Problem statement: Copy out all lines bearing the word "Your" from the listing below.

Given records:

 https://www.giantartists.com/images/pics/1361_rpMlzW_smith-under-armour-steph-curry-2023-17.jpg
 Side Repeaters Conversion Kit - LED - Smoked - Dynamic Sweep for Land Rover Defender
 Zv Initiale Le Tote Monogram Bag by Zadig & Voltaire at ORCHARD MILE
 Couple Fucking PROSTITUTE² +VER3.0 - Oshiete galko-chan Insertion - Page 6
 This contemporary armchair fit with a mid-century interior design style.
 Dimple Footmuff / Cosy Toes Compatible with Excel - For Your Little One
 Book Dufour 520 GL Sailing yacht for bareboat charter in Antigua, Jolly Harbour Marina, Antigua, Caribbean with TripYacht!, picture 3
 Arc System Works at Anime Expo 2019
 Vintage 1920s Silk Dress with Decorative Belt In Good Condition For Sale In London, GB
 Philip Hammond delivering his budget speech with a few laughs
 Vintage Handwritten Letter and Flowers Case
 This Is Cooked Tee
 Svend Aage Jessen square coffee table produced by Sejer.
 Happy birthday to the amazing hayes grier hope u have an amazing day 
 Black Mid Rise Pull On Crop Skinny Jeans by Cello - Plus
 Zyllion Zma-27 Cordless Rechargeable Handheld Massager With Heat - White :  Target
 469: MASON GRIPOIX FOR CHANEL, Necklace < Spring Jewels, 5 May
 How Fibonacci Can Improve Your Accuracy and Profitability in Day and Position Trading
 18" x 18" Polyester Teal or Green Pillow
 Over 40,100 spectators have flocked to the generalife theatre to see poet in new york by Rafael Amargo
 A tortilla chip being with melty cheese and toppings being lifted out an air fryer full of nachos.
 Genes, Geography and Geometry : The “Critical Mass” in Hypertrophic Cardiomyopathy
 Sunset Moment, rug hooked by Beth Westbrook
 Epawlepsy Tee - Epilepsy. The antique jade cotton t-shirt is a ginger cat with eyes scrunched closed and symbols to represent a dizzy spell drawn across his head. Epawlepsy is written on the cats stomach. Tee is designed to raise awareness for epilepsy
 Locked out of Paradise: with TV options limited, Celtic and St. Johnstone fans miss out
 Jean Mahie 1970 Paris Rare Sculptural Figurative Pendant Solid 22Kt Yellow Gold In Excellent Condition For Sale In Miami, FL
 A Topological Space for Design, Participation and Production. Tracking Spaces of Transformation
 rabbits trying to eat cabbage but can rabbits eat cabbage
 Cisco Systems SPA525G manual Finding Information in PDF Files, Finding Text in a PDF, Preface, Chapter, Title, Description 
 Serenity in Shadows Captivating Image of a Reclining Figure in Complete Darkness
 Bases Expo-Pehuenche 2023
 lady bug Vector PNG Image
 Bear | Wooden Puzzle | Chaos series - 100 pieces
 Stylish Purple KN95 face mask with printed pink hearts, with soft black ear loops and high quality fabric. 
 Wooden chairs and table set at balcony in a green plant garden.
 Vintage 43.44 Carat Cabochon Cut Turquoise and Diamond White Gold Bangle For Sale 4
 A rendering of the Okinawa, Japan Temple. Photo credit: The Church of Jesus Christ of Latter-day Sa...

Response area:
 Dimple Footmuff / Cosy Toes Compatible with Excel - For Your Little One
 How Fibonacci Can Improve Your Accuracy and Profitability in Day and Position Trading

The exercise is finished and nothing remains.